Arús-Pous Josep, Blaschke Thomas, Ulander Silas, Reymond Jean-Louis, Chen Hongming, Engkvist Ola
Hit Discovery, Discovery Sciences, IMED Biotech Unit, AstraZeneca, Gothenburg, Pepparedsleden 1, 43183, Mölndal, Sweden.
Department of Chemistry and Biochemistry, University of Bern, Freiestrasse 3, 3012, Bern, Switzerland.

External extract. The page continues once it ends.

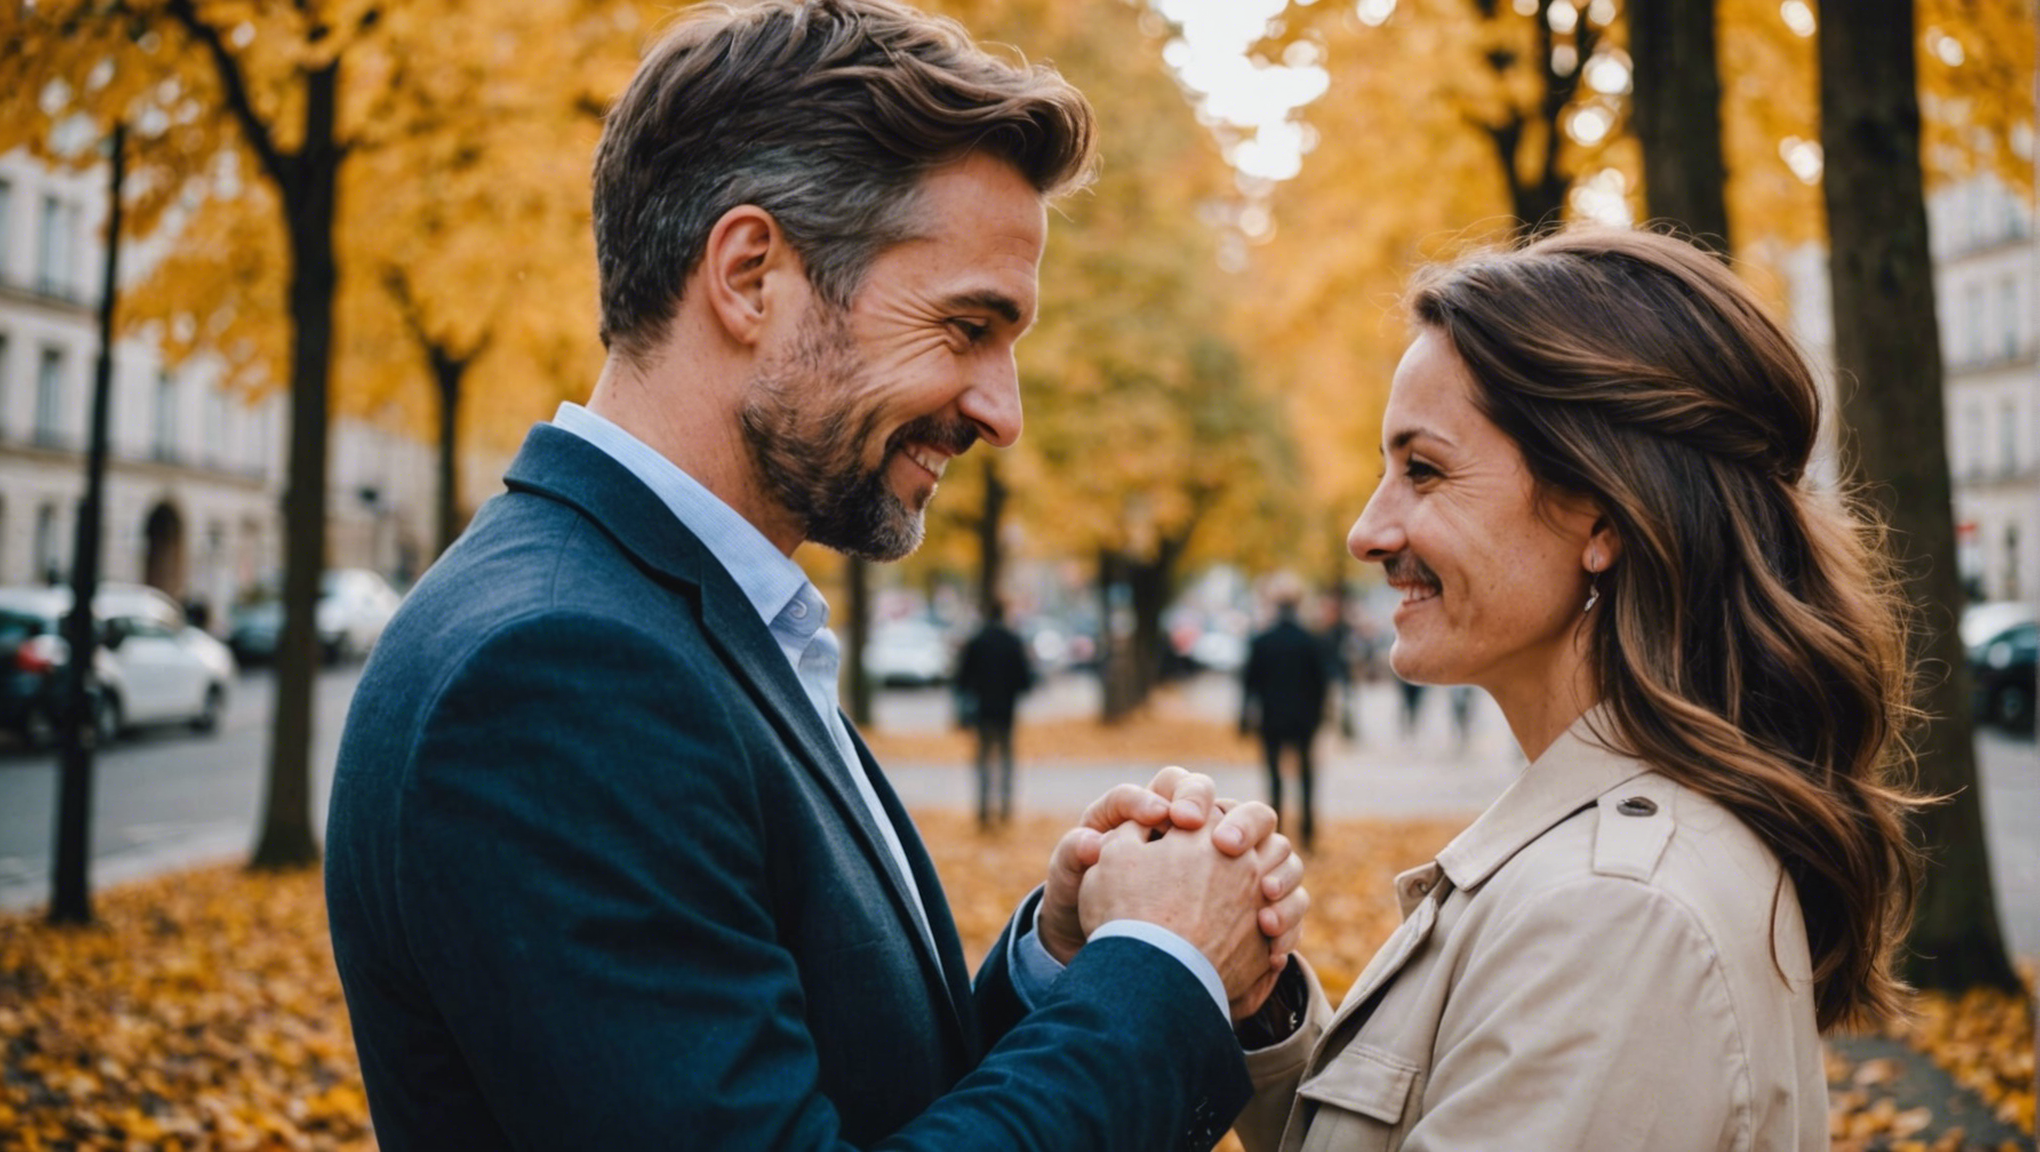 découvrez les clés pour cultiver le bonheur dans votre relation de couple et construire une vie épanouissante à deux.

J Cheminform. 2019 Mar 12;11(1):20. doi: 10.1186/s13321-019-0341-z.
Recent applications of recurrent neural networks (RNN) enable training models that sample the chemical space. In this study we train RNN with molecular string representations (SMILES) with a subset of the enumerated database GDB-13 (975 million molecules). We show that a model trained with 1 million structures (0.1% of the database) reproduces 68.9% of the entire database after training, when sampling 2 billion molecules. We also developed a method to assess the quality of the training process using negative log-likelihood plots. Furthermore, we use a mathematical model based on the "coupon collector problem" that compares the trained model to an upper bound and thus we are able to quantify how much it has learned. We also suggest that this method can be used as a tool to benchmark the learning capabilities of any molecular generative model architecture. Additionally, an analysis of the generated chemical space was performed, which shows that, mostly due to the syntax of SMILES, complex molecules with many rings and heteroatoms are more difficult to sample.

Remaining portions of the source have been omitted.